The State Council (Госуда́рственный сове́т) was the supreme state advisory body to the tsar in the Russian Empire. From 1906, it was the upper house of the parliament under the Russian Constitution of 1906.

==18th century==
Early tsars' councils were small and dealt primarily with external politics.

Peter I of Russia introduced the Privy Council. Catherine I of Russia introduced the Supreme Privy Council. Its role varied during different reigns.

Peter III of Russia created the Imperial Council on 20 May 1762 ("Императорский Совет"), or, formally "The Council at the Highest Court" ("Совет при высочайшем дворе"). It was dismissed shortly after the succession of Catherine II of Russia.

==1810–1906==
The State Council was established by Alexander I of Russia in 1810 as part of Speransky's reforms. Although envisaged by Speransky as the upper chamber of the Russian parliament, it was actually an advisory legislative body composed of people whom the tsar could trust. The number of members varied at different periods. Upon its establishment in 1810 there were 35 members; in 1890 there were 60. The main duty of the council was the preliminary investigation, promulgation and abrogation of laws.

There were four departments of the council: Legislative; Civil and Ecclesiastical Administration; State Economy; and Industry, Science and Commerce. Each department had its own presiding officer (State Secretary) and met separately to discuss matters assigned to their departments. There were also plenary sessions of the whole council presided over by the Chairman of the State Council.

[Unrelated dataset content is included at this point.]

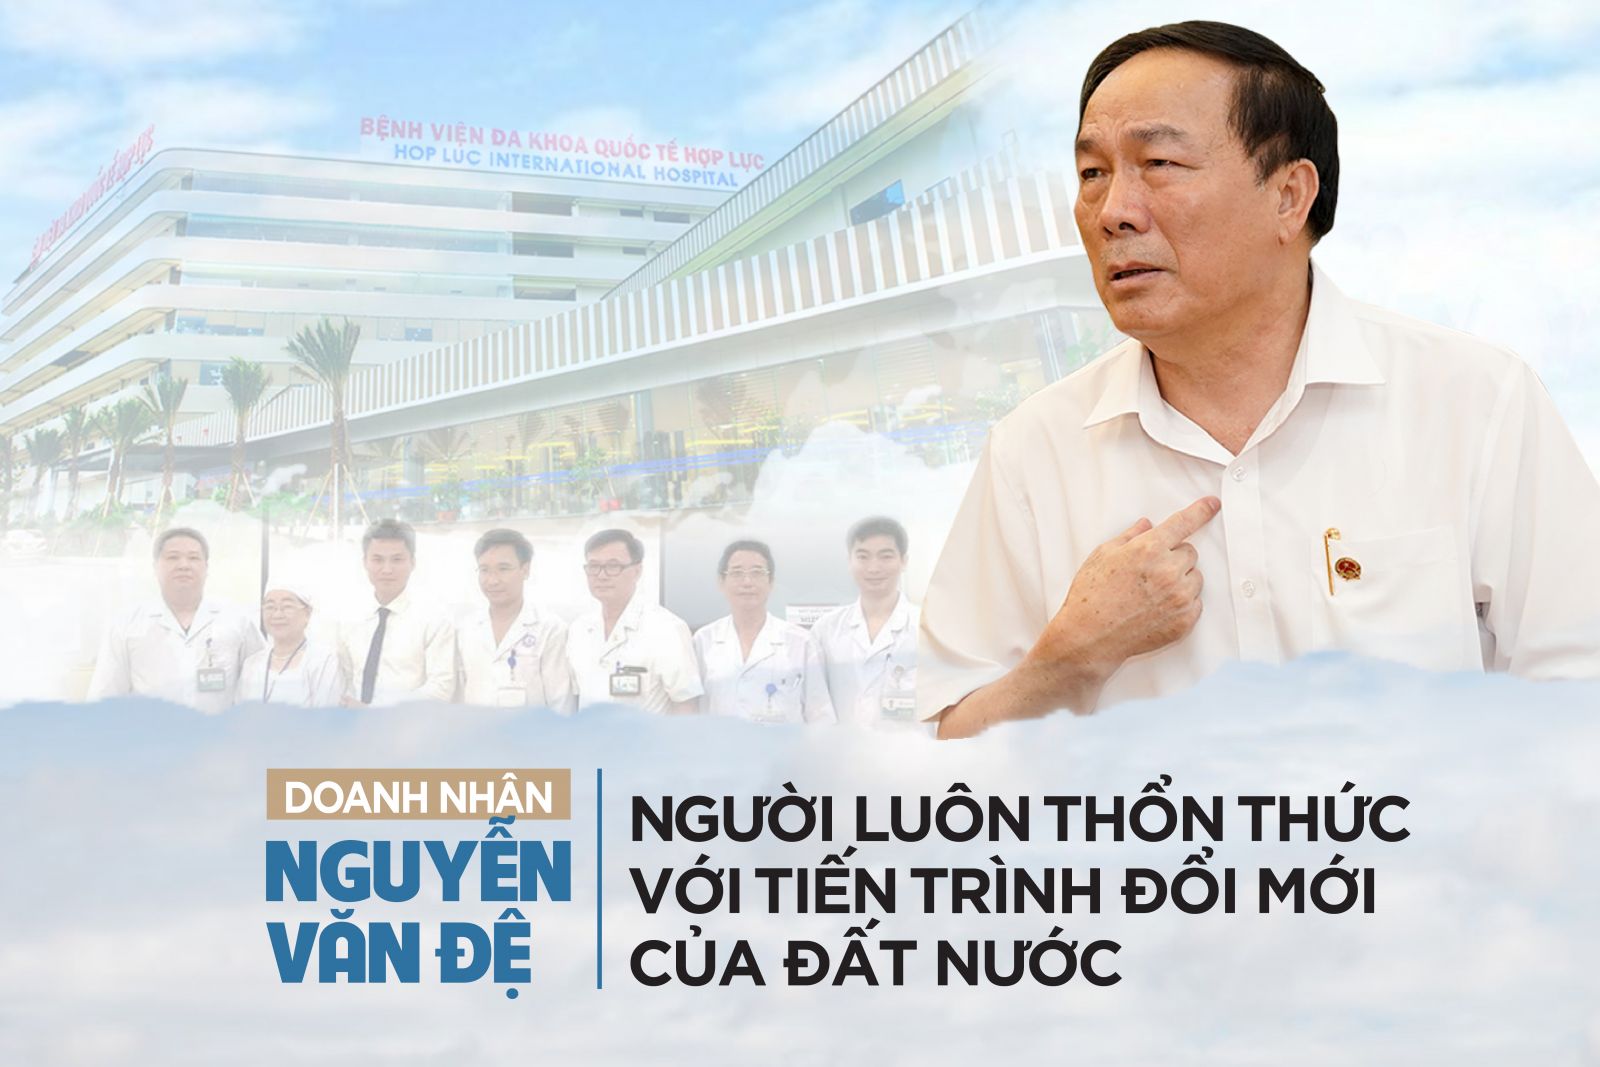 Doanh nhân Nguyễn Văn Đệ: Người luôn thổn thức với tiến trình đổi mới của đất nước
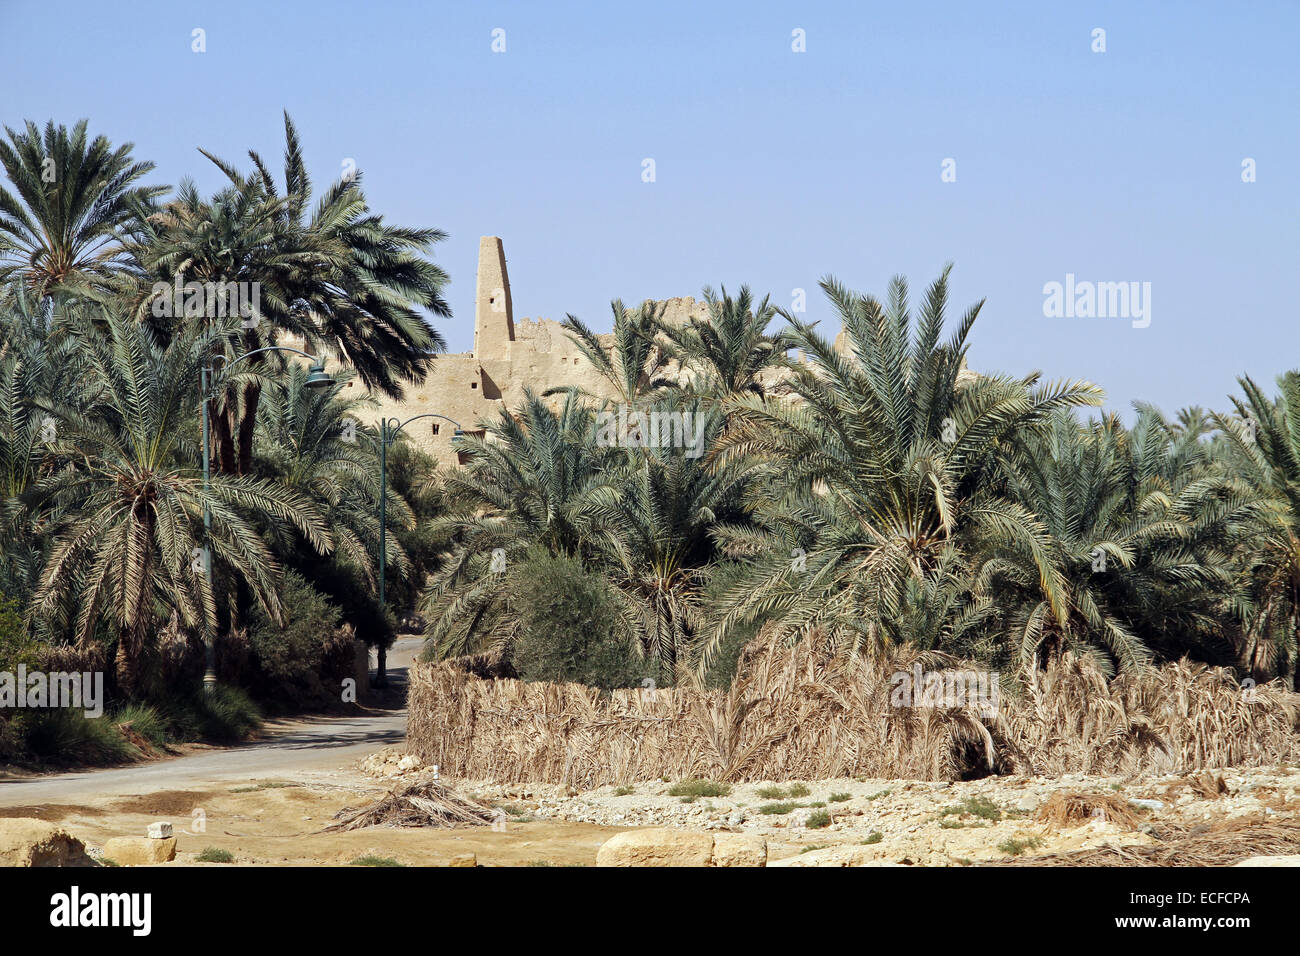 Le Temple de l'Oracle (aussi connu comme le Temple d'Amon) se lève sur les palmiers dans le village d'Aghurmi à Siwa, Egypte Banque D'Images

The council as a whole examined projects of law proposed by the ministers who were ex-officio members. The majority of their sessions concerned the budget and state expenditures but they would examine anything submitted to them. They had no authority to propose changes to the law, to examine anything that was not submitted to them for examination or decision-making authority. The council only made recommendations to the monarch, who could support the majority, a minority, or disregard the council's recommendations altogether, as he saw fit. According to Dominic Lieven it "played no part in the formulation of foreign policy and its members' access to the emperor was very limited.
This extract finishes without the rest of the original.